Avant toute interprétation du tableau 1, on rappellera que les données qu’il rassemble concernent le nombre de titres et non les tirages ou le chiffre d’affaires. Mais, compte tenu de la nature du fait éditorial, cet indicateur est sans doute le plus pertinent en termes de relations culturelles[12].

Premier enseignement général à la lecture de ce tableau : nous sommes entrés dans une ère d’intensification du recours à la traduction. Ainsi en 20 ans (1980-1999), la part globale des traductions a augmenté d’un quart : selon les données statistiques de l’Index, ce sont près de 70 000 livres qui ont été traduits par an dans le monde. Reste que le nombre des traductions doit être mis en regard avec les productions en langues locales : dans le meilleur des cas, la traduction – qui est aussi pour une part fondée sur la sélection – ne concerne jamais plus de 10 à 15 % de la production originelle.

Un second constat renvoie au poids de l’anglais, langue hyper centrale, qui n’a cessé de s’affirmer. En 1980, 45 % de l’ensemble des livres traduits dans le monde avaient été  originellement écrits en anglais : ils sont 60 % dans ce cas en 2000, soit une augmentation d’un tiers. La position générale de l’anglais sur la carte des langues est d’ailleurs sans aucun doute bien supérieure à celle que les chiffres des ouvrages traduits laissent entendre, même il y a 15 ans. En effet, une part écrasante des articles traitant des sciences « dures » (qui échappent évidemment à la statistique de l’Index translationum) et même des livres scientifiques écrits dans des « petits » pays ou des « petites », voire des « grandes » langues le sont directement en anglais, sans qu’il soit nécessaire de passer par cette acclimatation (ou naturalisation) qu’est la traduction.

Troisième enseignement : le français et l’allemand, à égalité, et nettement après l’anglais, sont bien deux langues centrales de traduction, puisqu’ils représentent chacun 10 % des ouvrages traduits dans le monde. Le léger recul du français, en termes relatifs sinon en chiffres absolus, n’est pas suffisamment marqué pour qu’on en tire des conclusions, d’autant que des données ultérieures viennent contredire cette tendance[13]. En revanche, on ne peut qu’être frappé par l’effondrement du russe. Alors que le russe avait en 1980 une place et un rayonnement comparable à celui du français et de l’allemand, le nombre de traductions du russe  vers les autres langues a été divisé par 4 à la suite de la chute du mur de Berlin et de la débâcle du bloc soviétique.
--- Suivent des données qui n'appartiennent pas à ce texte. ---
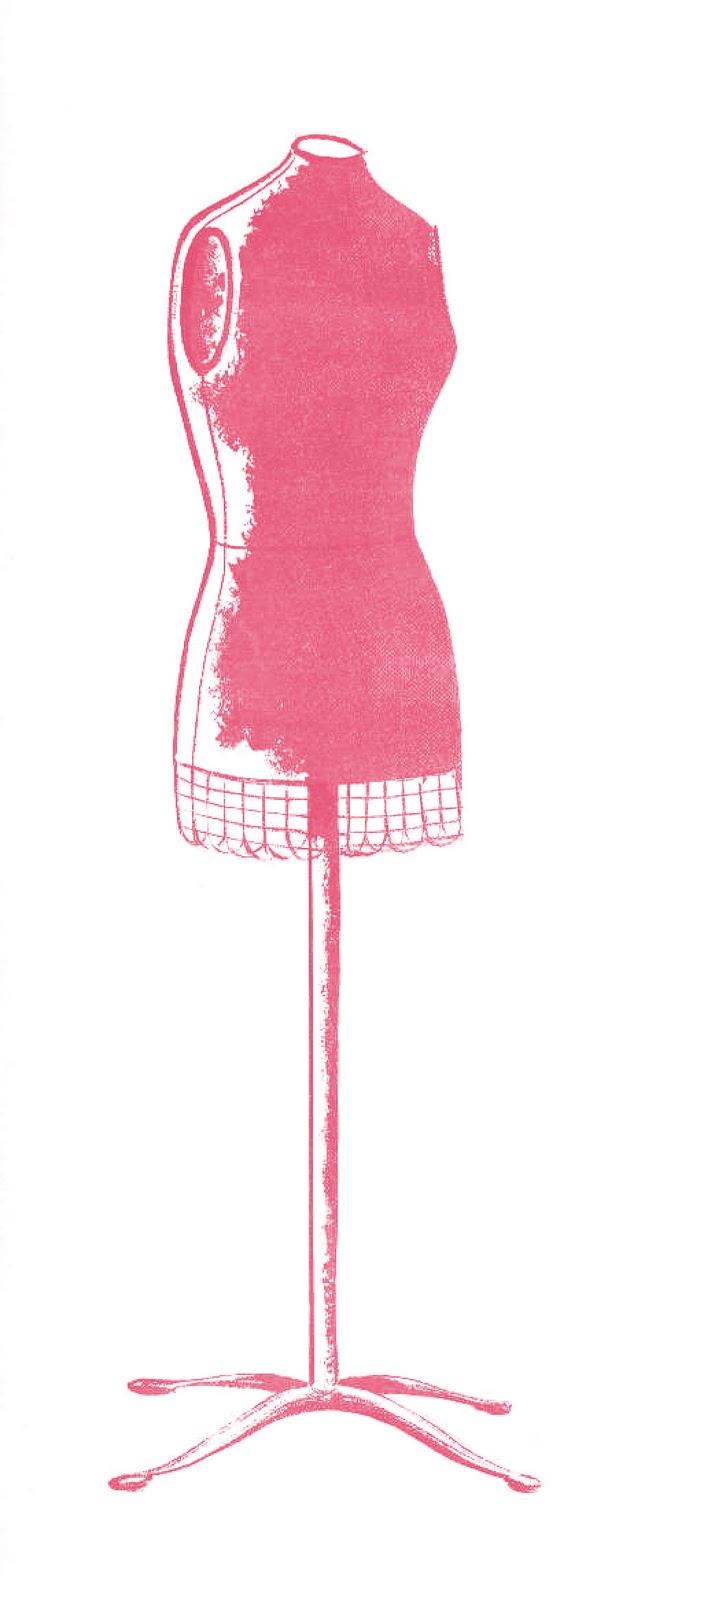 Dress clipart pink Form Form Clipart Dress Clipart

C’est rappeler ici que la traduction fonctionne comme sismographe des échanges culturels, et qu’elle prend également en compte,  et presque nécessairement sinon mécaniquement, les évolutions politiques et les flux d’échanges culturels qui leur sont liées.

On note par ailleurs que le poids de l’espagnol a presque doublé en 20 ans. Mais, alors que son extension en Amérique latine est directement liée à l’élévation du niveau de vie et à l’accroissement des effectifs scolarisés au-delà de l’école obligatoire, l’espagnol demeure semi périphérique.  Son niveau de traduction est vingt fois inférieur à celui de l’anglais, trois fois moins important que celui du français et de l’allemand, et, encore une fois,  sans aucune mesure avec l’effectif croissant des populations hispanophones dans le monde (500 millions).  Quant à l’italien, malgré une légère érosion, il demeure une langue souvent traduite, pratiquement à égalité avec l’espagnol alors que, pour l’essentiel, il n’est parlé que dans les limites d’un pays de 60 millions d’habitants. C’est que, comme on l’a déjà relevé, la carte éditoriale ici tracée est loin de dépendre exclusivement du nombre de locuteurs des langues parlées ou écrites à travers le monde : elle ne reflète que les mouvements d’une langue à l’autre, et les relations entre les cultures.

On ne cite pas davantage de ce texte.